Its a long-standing historic principle of common law that is followed in all common law jurisdictions. The reason for the rule is that the party who drafted the term should have it made it clear.

Please note that you need to show ambiguity before the rules applies. You can't make up ambiguity using contra preferentem, the rule only kicks in if the clause is ambiguous to start with.


In Canada Steamship (1952) theres a 3 stage test
1 - if the clause contains an express reference to 'negligence' then it will be effective
2 - If theres no express reference to negligence, are the words wide enough to cover negligence. E.g 'howsoever caused 'customers own risk'
3- But even if the words are wide enough to cover negligence could the party in breach be liable on some ground other than negligence?

I understand part 1 of the 3stage test to mean that if you directly talk about negligence in your contract then that will be effective.
However i don't particularly understand 2/3

i presume 2 means that if you use words such as 'howsoever caused' in your contract that this may be enough to exclude liability, however it may also not be sufficient to exclude damage??

and number 3 i really don't understand. Say someone was guilty in tort and negligence, how does this apply? Does this mean the exclusion clause WILL work because you can sue them in tort?
Original post by lawstudent93
In Canada Steamship (1952) theres a 3 stage test
1 - if the clause contains an express reference to 'negligence' then it will be effective
2 - If theres no express reference to negligence, are the words wide enough to cover negligence. E.g 'howsoever caused 'customers own risk'
3- But even if the words are wide enough to cover negligence could the party in breach be liable on some ground other than negligence?

I understand part 1 of the 3stage test to mean that if you directly talk about negligence in your contract then that will be effective.
However i don't particularly understand 2/3

i presume 2 means that if you use words such as 'howsoever caused' in your contract that this may be enough to exclude liability, however it may also not be sufficient to exclude damage??

and number 3 i really don't understand. Say someone was guilty in tort and negligence, how does this apply? Does this mean the exclusion clause WILL work because you can sue them in tort?


Maybe an example will make it clearer.

Suppose I make a contract to sell you a computer for £100, and the contract has the following clause:

1) Forum User will take reasonable care and use reasonable skill to ensure that the computer is of satisfactory quality.
2) In the event of any loss or damage caused by a defective computer howsoever caused, Forum User will only be liable to a maximum of £100.

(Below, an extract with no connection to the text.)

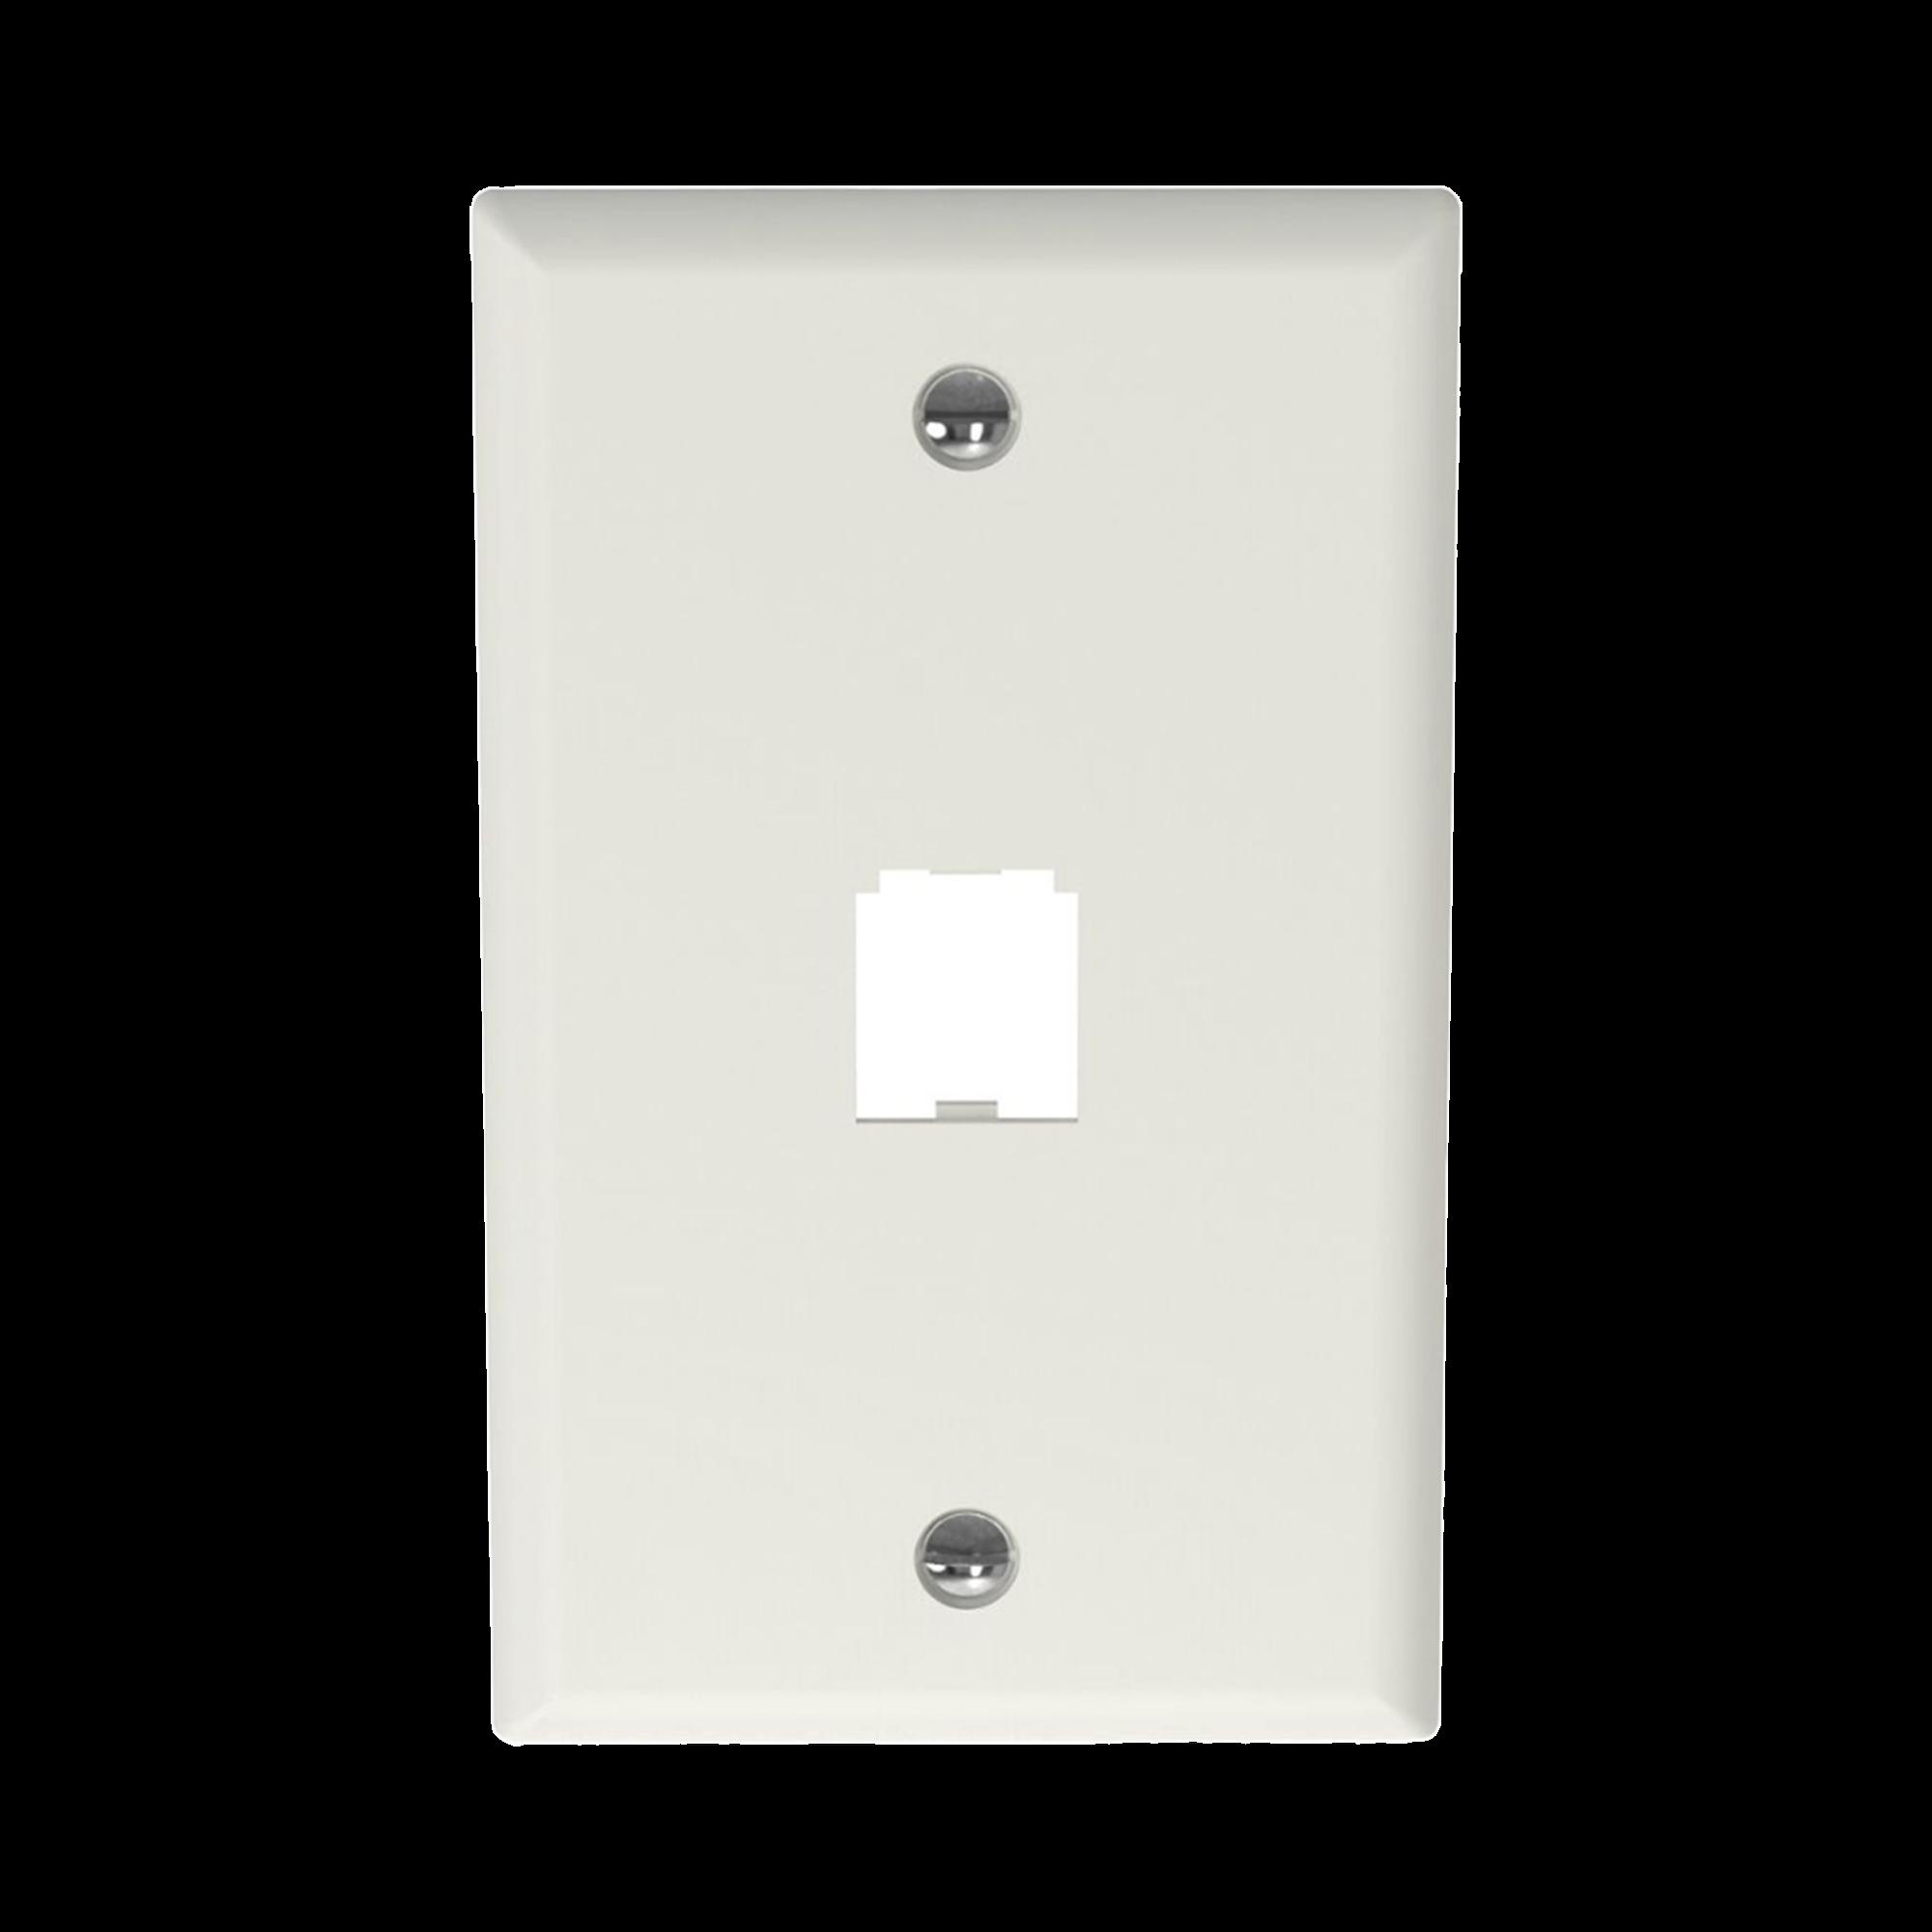 Placa de Pared Vertical Clásica, Salida Para 1 Puerto Mini-Com, Color Blanco Mate

Suppose that for some reason you decide this contract is a good idea, and buy a computer from me, which is defective as a result of me negligently not checking some component, it blows up and causes £1,000 worth of damage to your room. Can I rely on my exclusion clause (applying only the three-stage test, obviously in practice UCTA or UCTTR might well apply)?

i) Does my exclusion clause explicitly mention negligence? No. (If it did, I could rely on it to exclude my negligence, obviously - barring the fact that it will be struck down elsewhere under UCTA).

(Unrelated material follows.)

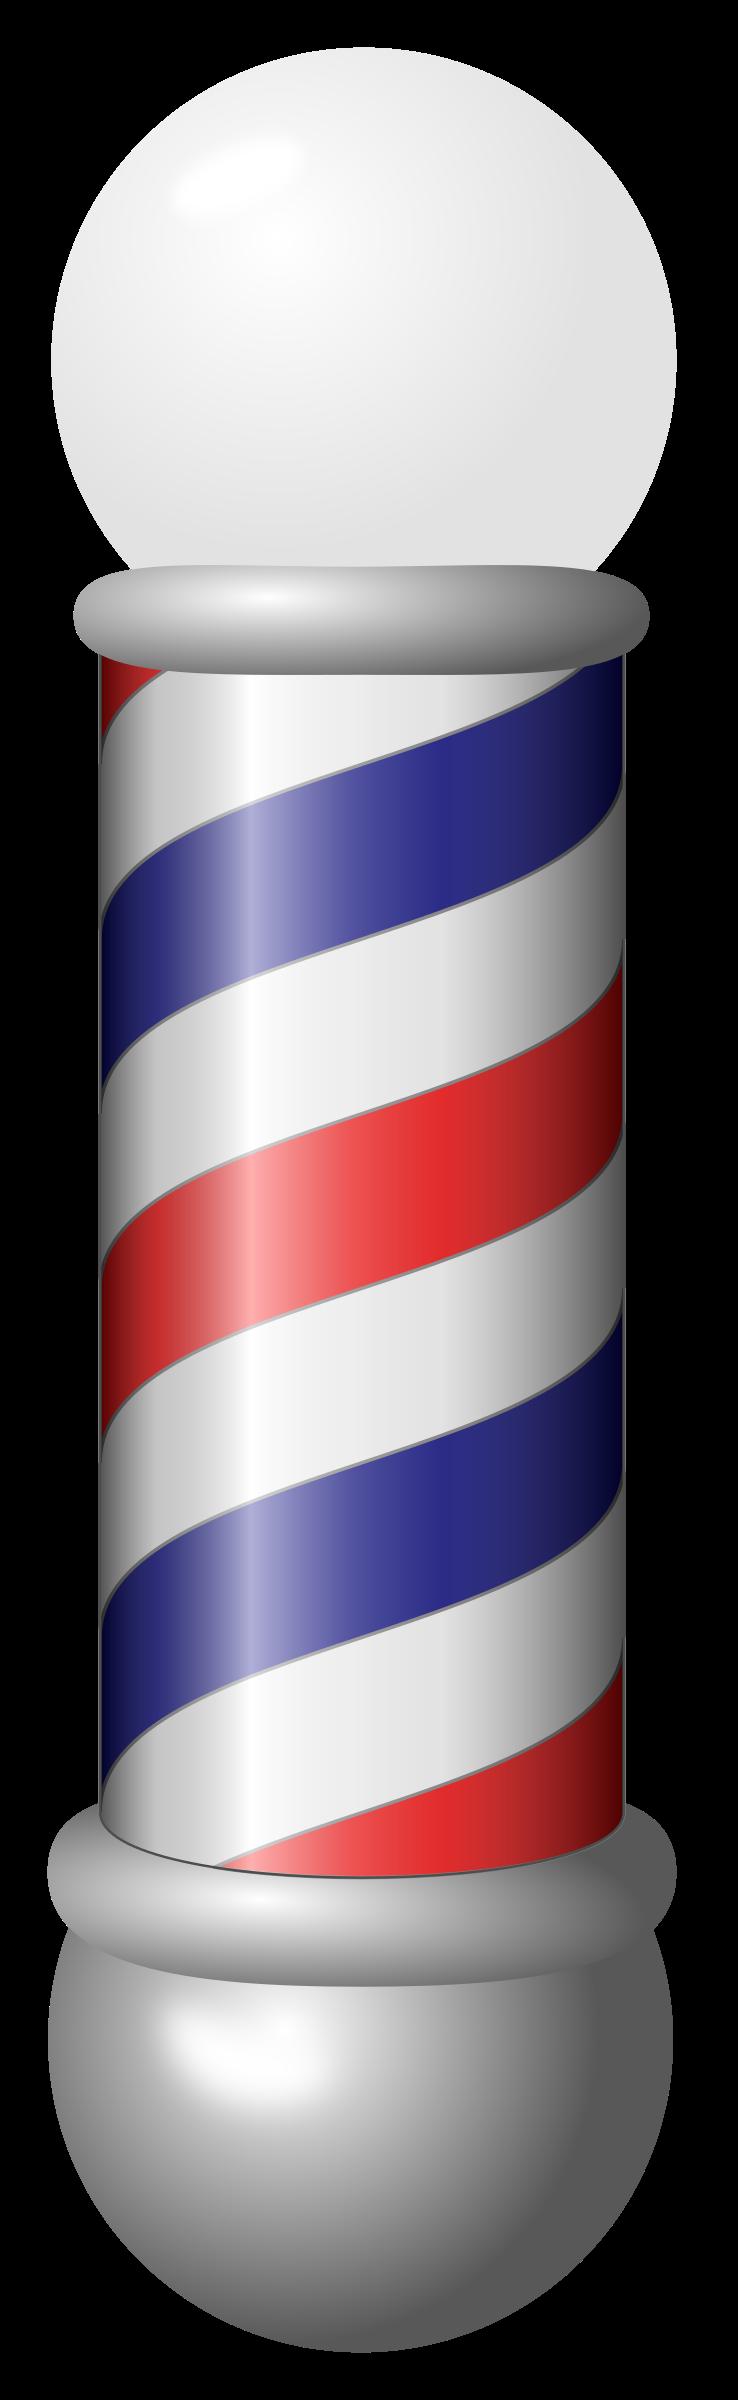 Barber Pole PNG HD - 126889

ii) Is my clause wide enough to cover negligence? Yes - it says 'howsoever caused'. (If it was not wide enough, then obviously it wouldn't cover the breach and we would be done).

iii) Is my clause too wide? That is, is there some other ground except negligence that I might be liable under? Well, this is a contract for the sale of a computer, so the Sale of Goods Act applies. S14 implies a condition that the goods will be of satisfactory quality. The clause says 'howsoever caused' and therefore covers both negligence and strict contractual liability for breach of S14. Therefore it is *too wide* and the courts would consider that it covers me only for breach of my strict contractual liability and not for negligence.